Slab Clay Workshop
13 December 2017
The Seminar Room
CONNECT Centre for Future Networks and Communications
In an ongoing collaboration, the Department of Ultimology has commissioned a series of prototypes for contemporary water clocks, by artist Andreas Kindler von Knobloch. We hosted a hands-on workshop to accompany this collaboration at CONNECT, where engineers, researchers and other participants could learn the slab clay technique Andreas used to make the clocks.

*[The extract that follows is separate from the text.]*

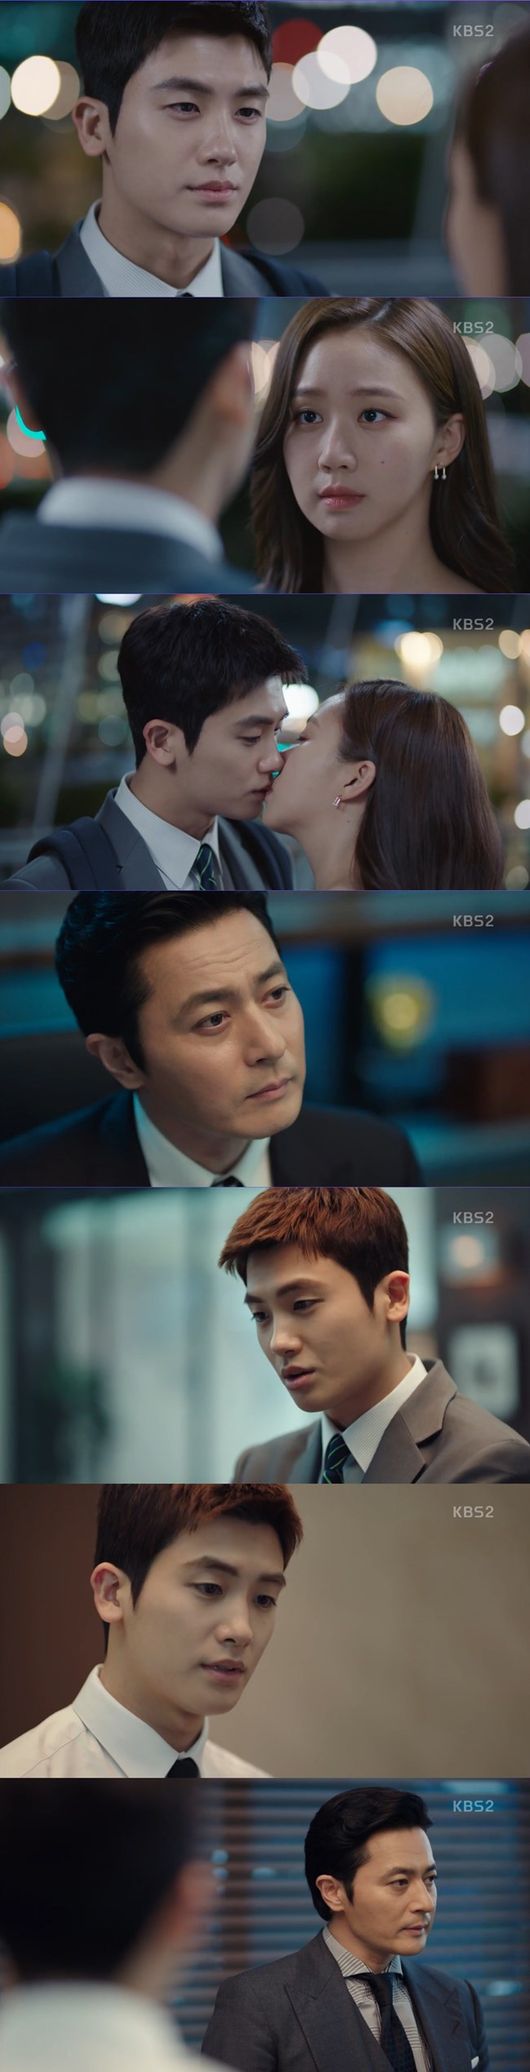 In the 13th Suits broadcast on the afternoon of the 6th, the charm of Park Hyung-sik was shining.On the day of the show, Kim Ji-na (Ko Sung-hee) and Ko Yeon-woo (Park Hyung-sik), who became a couple, were portrayed.He was also a late actress who tried to help the crisis-ridden Miniforce stone (Jang Dong-gun).Ko was a character who went very well with Park Hyung-sik, a character who wanted to be a lawyer but didnt have anything to do with it.He has captured the Miniforce seat with his memory like a photo, and he is always doing his best to say that he does not want to be his weakness.Especially, when he deals with the case, he is added to the human aspect and is completed with a richer character.Ko Yeon-woo continues the story of Suits with romance with Miniforce and romance with Kim Ji-na.Although his childhood wounds have also bothered him, he is doing his best for the Miniforce seat that believes in him.Kim Ji-na and Kimi, who have become a couple, are also attractive, though they are entangled in an uncomfortable first impression.Park Hyung-sik is completing Jang Dong-gun and romance with Ko Sung-hee, too, if he is completing romance.The two people who have entered into a full-scale love mode are growing up their hearts and hearts.Park Hyung-sik is completing a charming couple synergy with Ko Sung-hee as in Lim Ji-yeon and Park Bo-young.It is a performance as Chemie Princess Maker.KBS 2TV Broadcast Screen CaptureKBS 2TV Broadcast Screen Capture

These works evolved out of an ongoing dialogue between the artist, the Department of Ultimology and CONNECT centre for future networks, regarding materiality in technology, and obsolete ideas and areas of practice as part of an ongoing series of ‘Research Purges’, events where researchers were invited to discard topics of research that no longer served them.
The sculptural pieces are handmade using a technique the artist describes as ‘slab clay making’. Each piece comprises uniquely shaped segments, which when placed together create a functional object for the measuring of time, operated by the insertion of a smartphone into a cavity. Based on the earliest forms of time-keeping that are not based on celestial objects, these water clocks suggest a reclaiming of time through the surrender of our devices. In conjunction with the creation of these pieces, the Department of Ultimology hosted a talk and workshop by Andreas at CONNECT for the engineers and researchers there, reflecting on both the concept and construction of the work.